Добавить в цитаты Настройки чтения

Страница 113 из 147

– Кроме меня и отца.

– Не даром говорят, – дернувшись, продолжал Федя, – говорят, лучше иметь в доме малую козу, чем большую девку: коза, по улицам ходивши, молока принесет, а большая девка – большой срам. Посмотри на себя. Что ты такое есть? Душевный блуд и обольщение людям! А когда узнают?

– Что?

Ему понадобилось два или три шага, чтобы добраться до сестры.

– Вот это! – Растопыренной пятерней скользнул и придавил сквозь ткань грудь – маленький, твердый, как у ребенка, бугорок.

Федька отбила руку. Ударила и продолжала сидеть как сидела. Может, чуть чаще стала дышать.

– А то я тебя в бане не видел, дура! – сказал Федя. – Коза неистовая! Что есть злая жена? Покоище змеиное, сатанин праздник, хоругвь адова. Кому ты будешь нужна, когда узнают? Что они с тобой сделают, когда узнают: коза неистовая? – Он замолк, осматривая перешибленную Федькой ладонь. – Ты погубила свою вечную душу.

– Пусть, – сказала она прежним ровным тоном.

– А что хорошего со всем соглашаться?! – возразил он неожиданно. – Я, может, чёрти куда понес, если прямо сказать, а ты молчишь и копишь в себе обиду. Вместо того, чтобы сказать, дурак ты, сволочь! Ты ведь не скажешь прямо, нет, ты будешь таиться, делать вид, ничего не произошло, обойдется. Он, мол, когда-нибудь и за ум возьмется – вот что ты будешь себе думать! Так?

– Да. То есть, нет. Прости. – Она сидела истуканом, сложив на коленях руки, и наблюдала за братом, если только не опускала глаза, давая себе роздых.

Федя снова заходил по клети, чувствуя, что окончательно забрел в какую-то гадость. Но брести надо. Надо, зажав нос, надо брести, если он только хочет добраться до того заветного, что имел на уме, не зная как подступиться. Его несло, но он чувствовал, что не зря несет, что кружит он, забирая все ближе и ближе к заветному слову.

– А ты способна понять, – остановился он, – когда человек сам себе противен? Когда ты противен себе и от этого… и от этого все остальное. Она сделала движение, будто хотела вставить слово.

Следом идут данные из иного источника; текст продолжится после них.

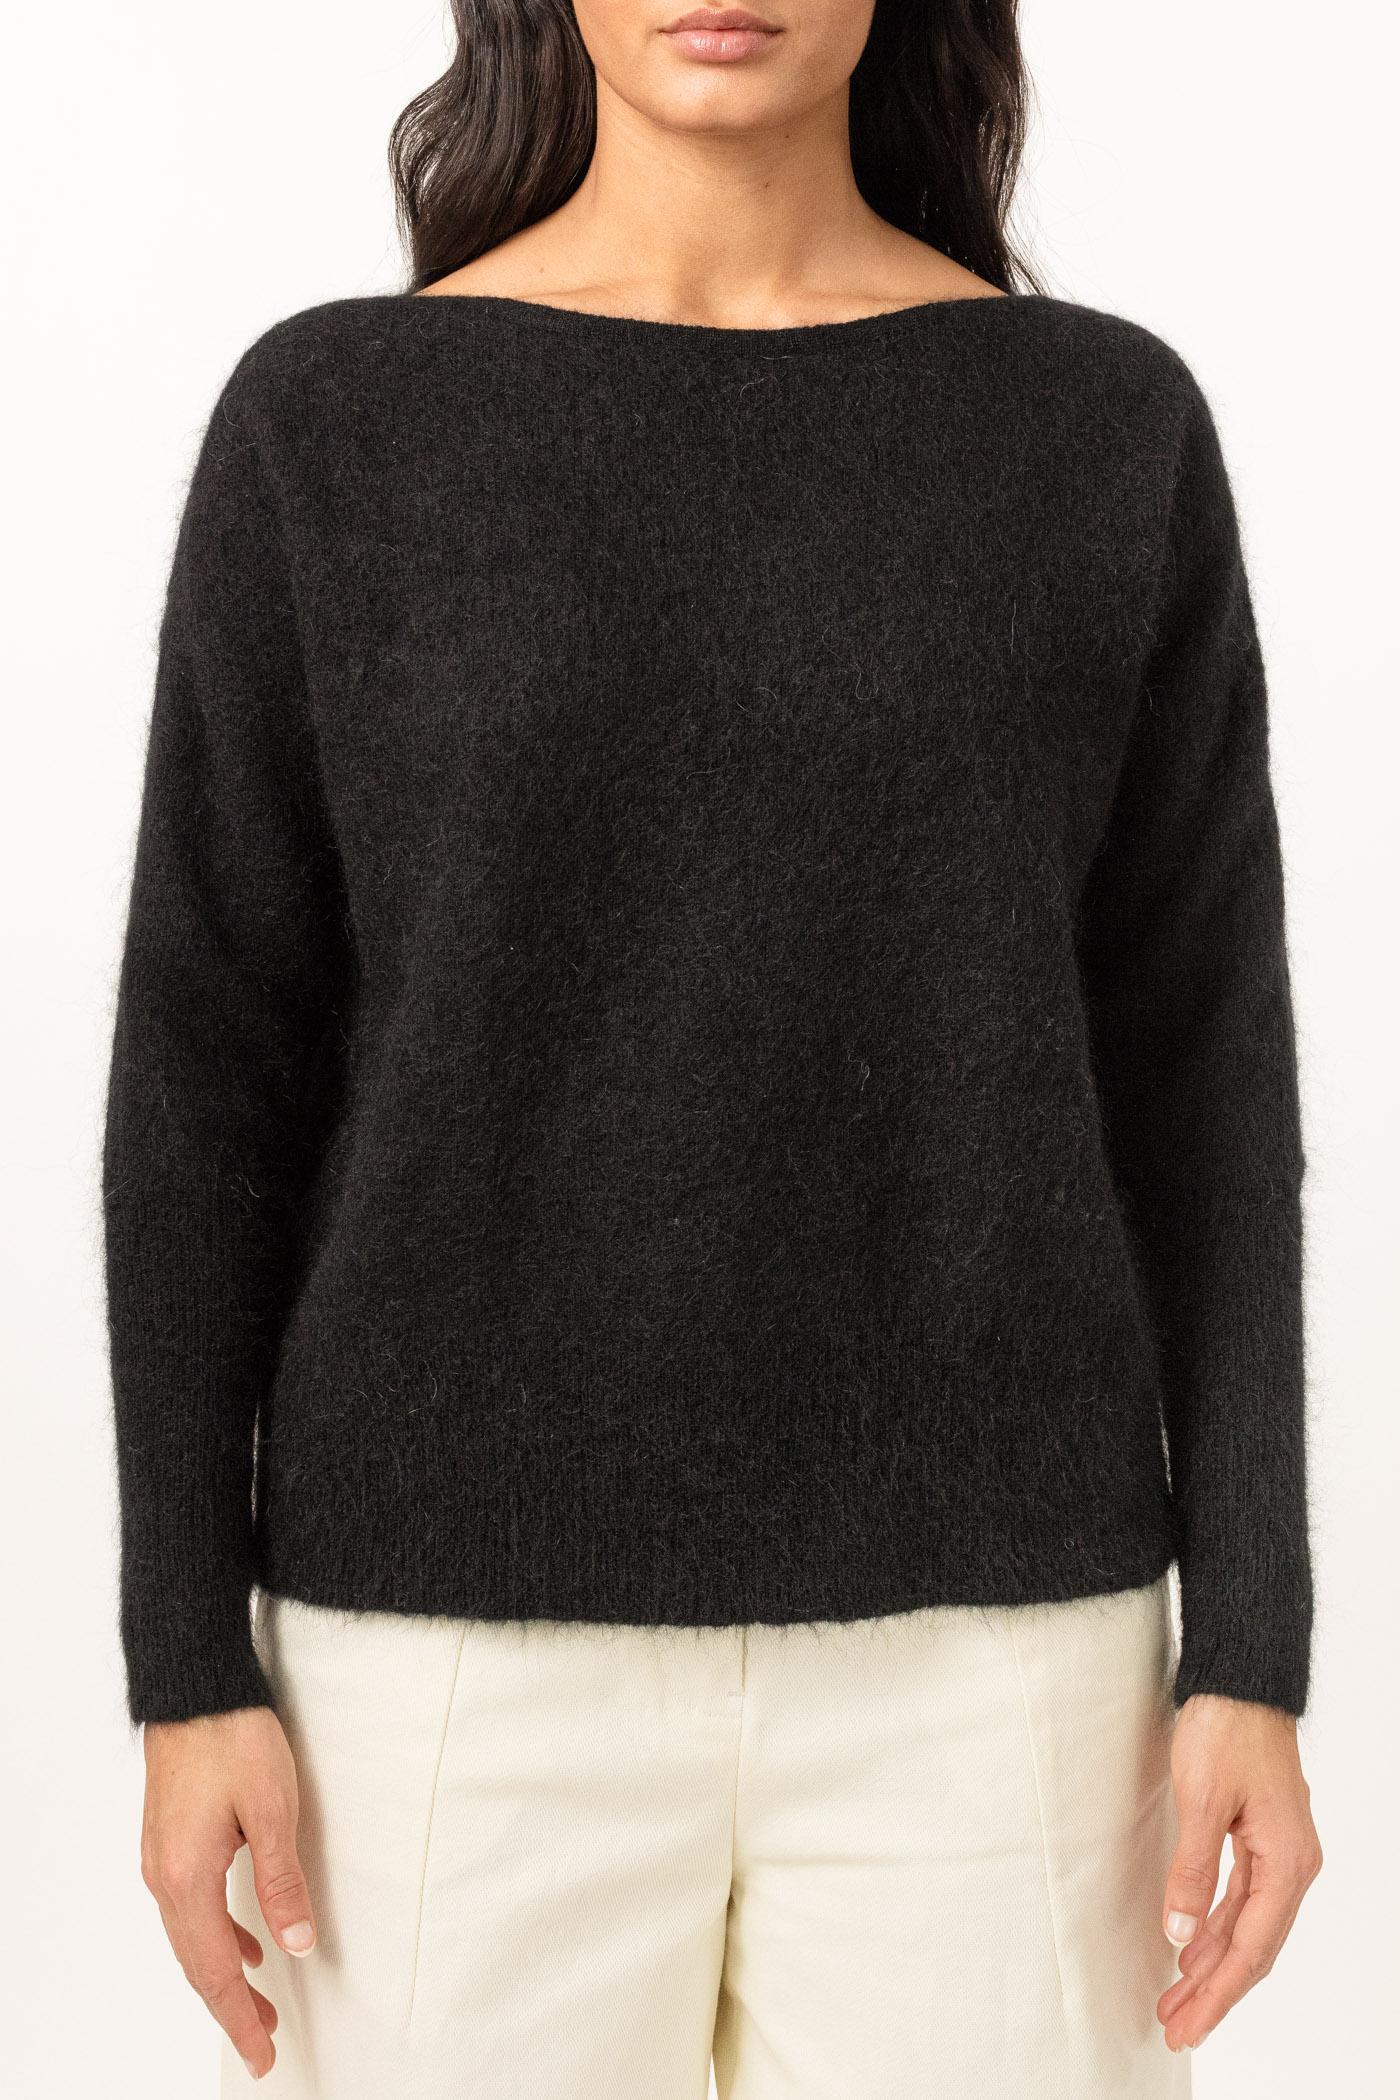 Lys beige eller sort soft mohair genser med båthals Cathrine Hammel - soft wide crewneck

– Молчи! – предупредил ее Федя. – Не нужно мне твоих оправданий. Да, я знаю то, что я знаю, и я есть то, что я есть. И в этом я честен. В этом – да, честен. Перед богом честен. – Он поднял палец, указывая в небо, и торопливо перекрестился. – У меня на лбу написано: нечего ожидать подвигов. Люди знают, с кем имеют дело. А им нравится иметь со мной дело, и не моя вина…

– Это их вина, – вставила наконец Федька.

– Что?

Но больше она ничего не сказала и опустила глаза. Федя продолжал:

– Людям нравится, что я не прикидываюсь. – Он помолчал, чтобы она могла освоиться с этой мыслью, но Федька не отозвалась. Тогда он возвысил голос: – А ты кто? Ни парень, ни девка. Одна видимость и обольщение – то есть прелесть. Прелесть уму и прелесть чувству. Вот ты сидишь передо мной, и что это? – прелесть. Грех, соблазн, искушение. Видимость и коварство. Тебя как бы и вовсе нет, понимаешь?

– Нет.

– Что нет?

– Что ты сказал, не понимаю.

Нахмурившись, Федя помолчал, хмыкнул и пожал плечами, как человек, окончательно снимающий с себя ответственность.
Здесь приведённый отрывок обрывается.